Goldman sacks

26 Sep 2016 By Quentin Webb

An Asian cull makes Goldman Sachs look rattled. The U.S. bank is cutting nearly 30 percent of its investment-banking team in Asia outside of Japan, Reuters says. The region’s problems are familiar and longstanding: lumpy deal flow, fierce competition and skimpy fees. But Goldman’s pullback suggests the scandal over Malaysia’s disgraced 1MDB may have curbed its risk appetite too.

Goldman’s headcount for mergers and acquisitions, debt and equity capital markets will go from 300 to slightly more than 200 bankers, Reuters reported on Sept. 24, citing sources.

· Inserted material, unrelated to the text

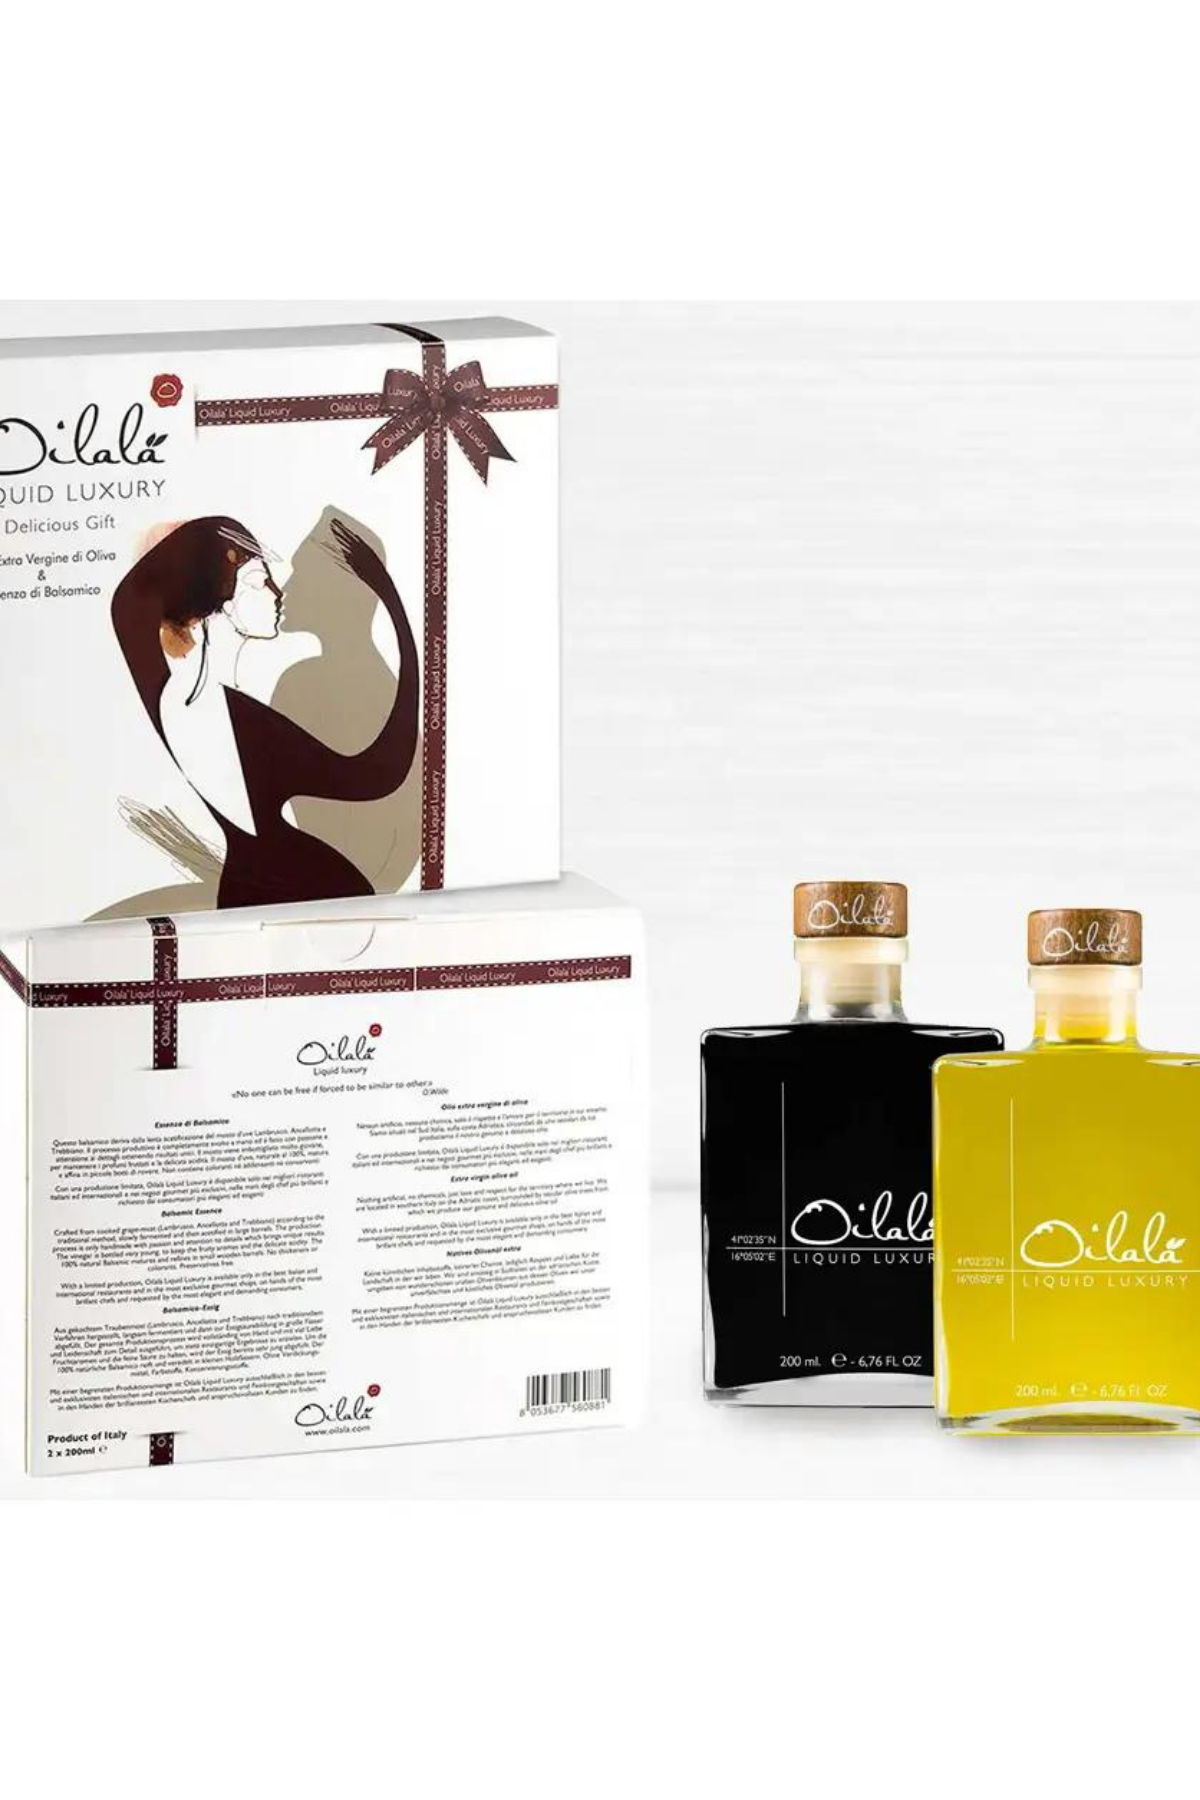 Italian Oilala EV Olive Oil + Balsamic Vinegar Gift Set

Fees from takeovers, loans, and bond and share sales are now rising year on year in the region, albeit after a difficult start, but the going remains tough for international banks. Chinese transactions make up a big slice of fees, but most of their business goes to domestic banks. Other regional players are also fighting back. And many Asian clients baulk at paying much, if anything, for advice. Thus fees on marquee transactions like flotations are far lower than on Wall Street.

On top of that, Goldman has had a wobble of its own. Its regional investment-banking fees crashed 46 percent in the first half, Thomson Reuters data shows, far underperforming a 10 percent drop across the market.

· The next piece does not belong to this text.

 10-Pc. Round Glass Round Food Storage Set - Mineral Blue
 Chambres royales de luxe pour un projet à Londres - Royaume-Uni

The pain appears concentrated in equity, as opposed to M&A – where Goldman is still a powerhouse – or bonds. Excluding onshore Chinese deals, Goldman fell to fourth from first place for regional equity and equity-related issues.

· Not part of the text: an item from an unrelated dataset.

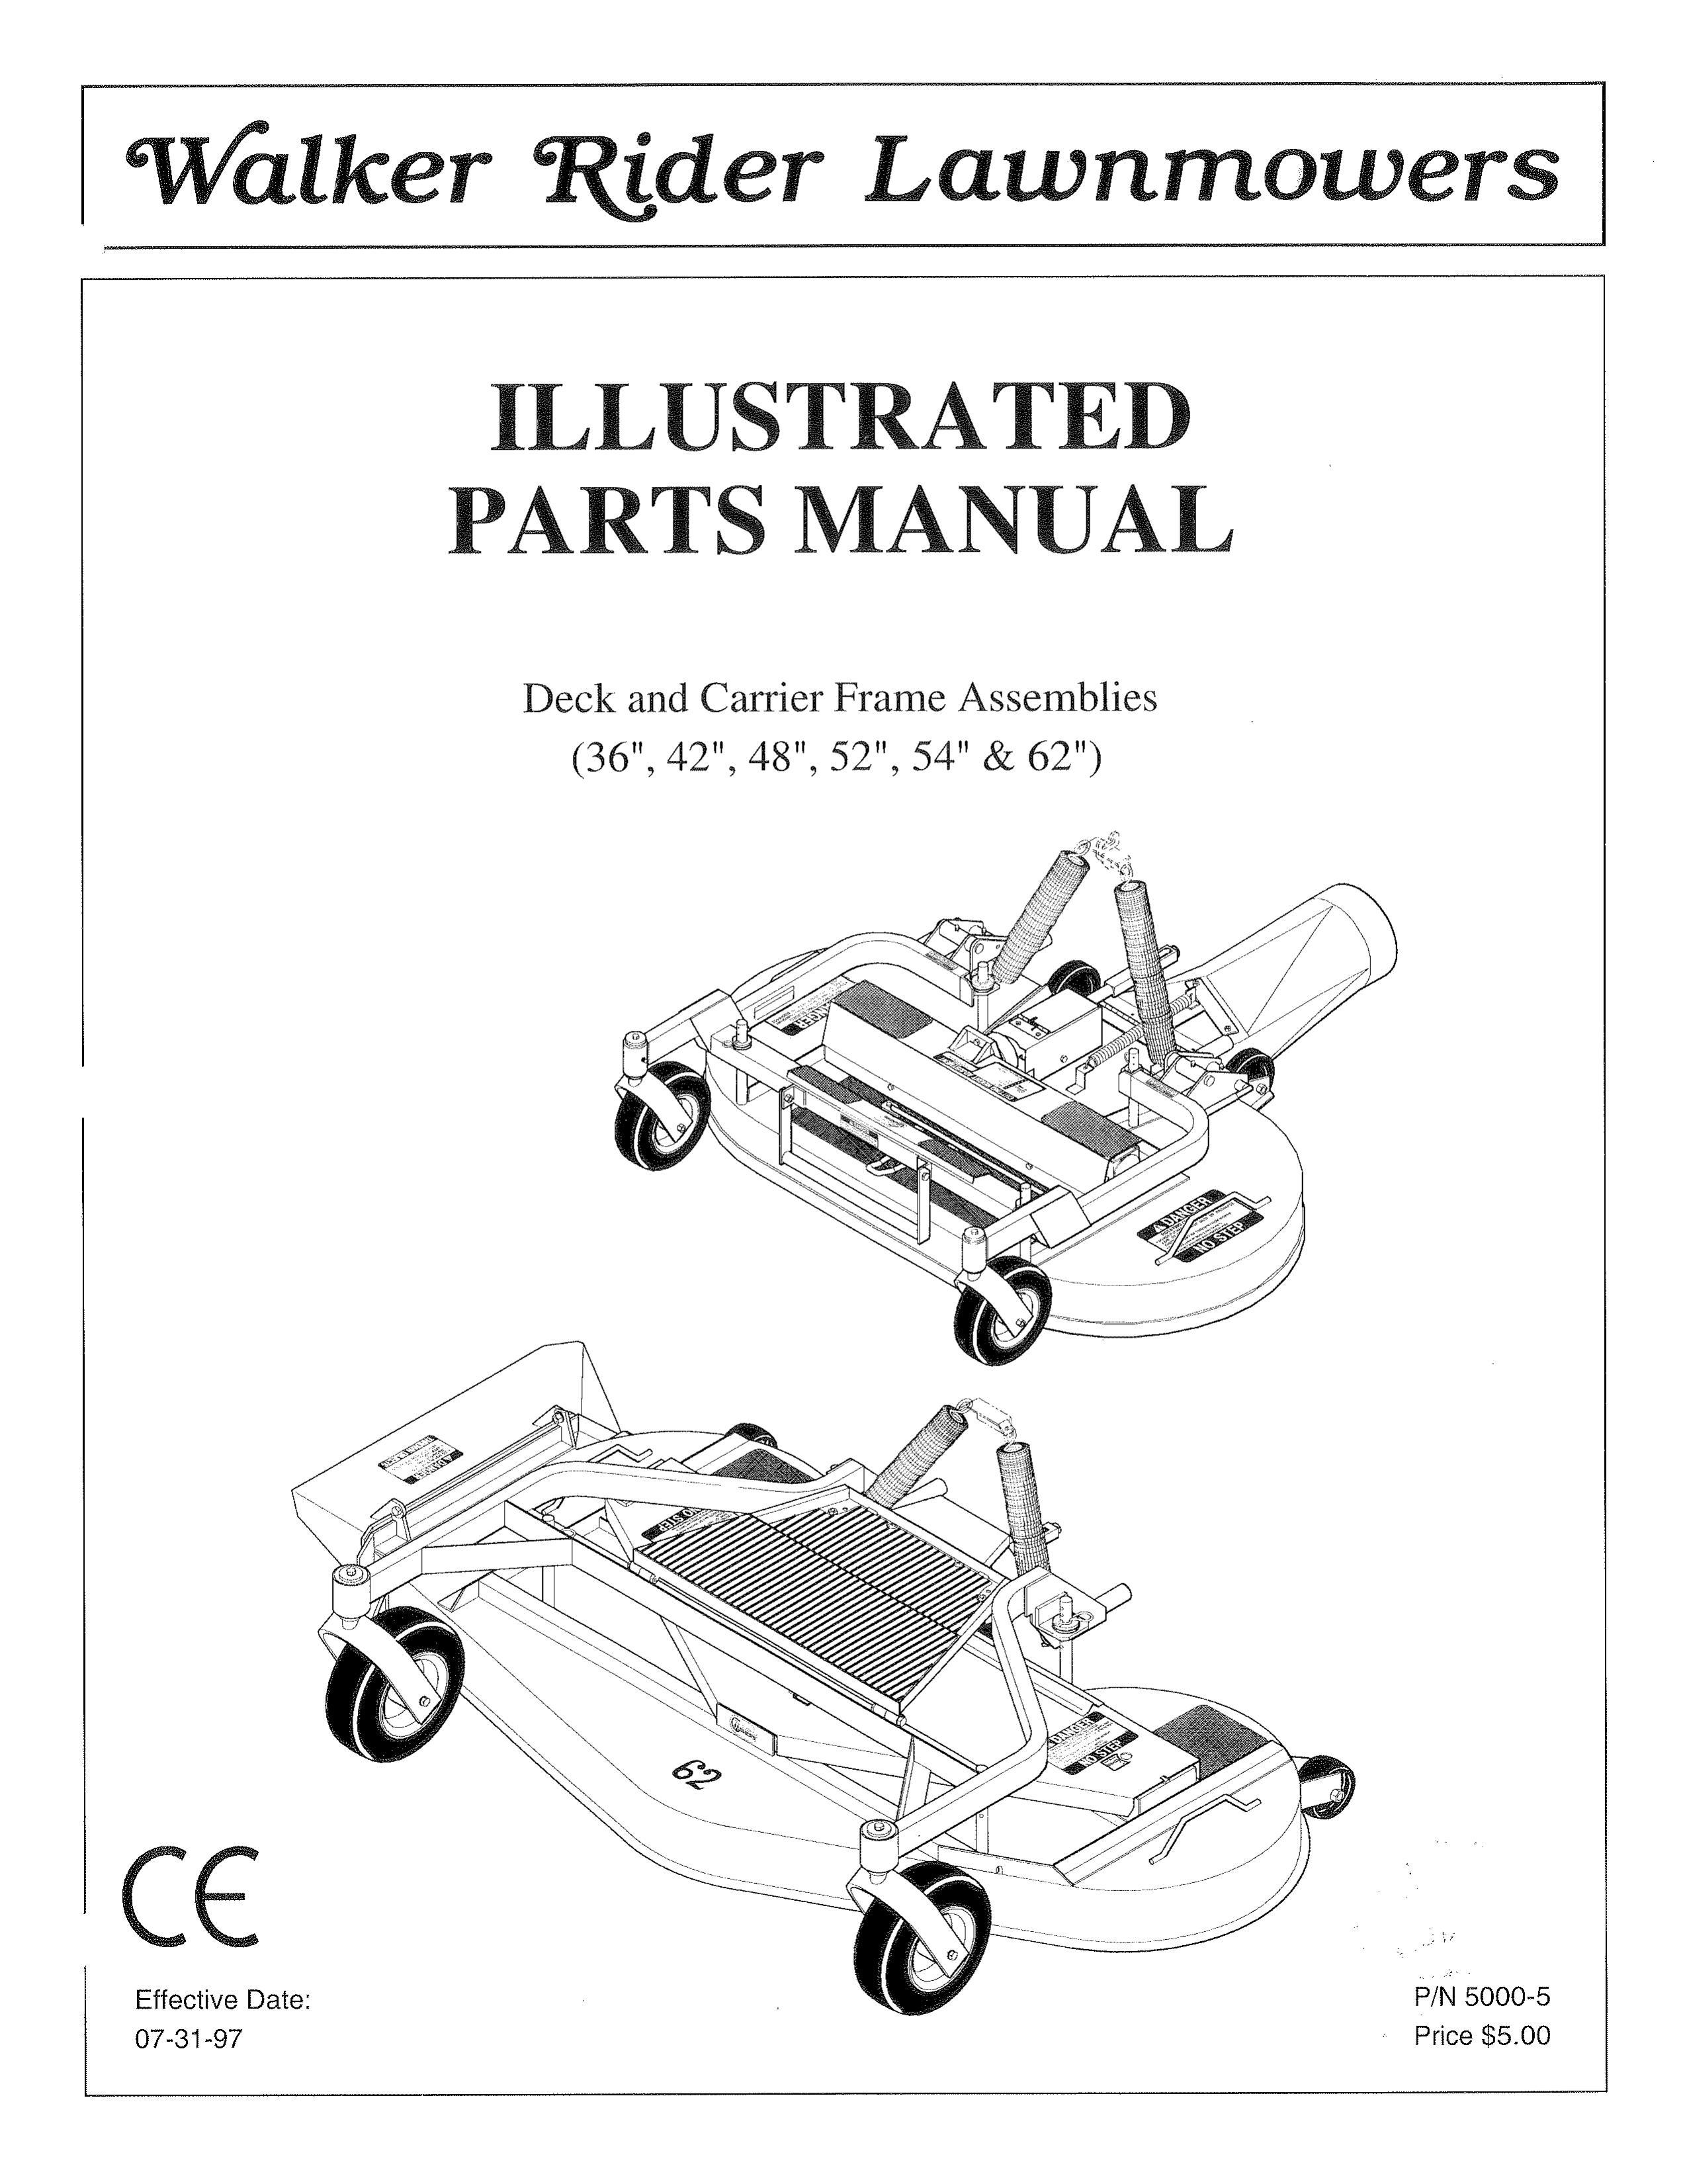 Walker 54-inch Lawn Mower User Manual

A few megadeals can make all the difference in investment banking. But the falloff in Goldman’s business is striking nevertheless. Goldman has been one of the most powerful and profitable foreign banks in the region, and a patient pioneer in advising China.

The widening scandal around 1MDB, once a lucrative bond-issuing client for Goldman, may help explain the timing of the adjustment. U.S. and other authorities are out for blood. The Justice Department says more than $3.5 billion was stolen from the sovereign fund. The episode must be consuming management attention at Goldman, and probably forcing the bank to be more selective about the deals it does do. In that context, patience is a virtue, but so is thrift.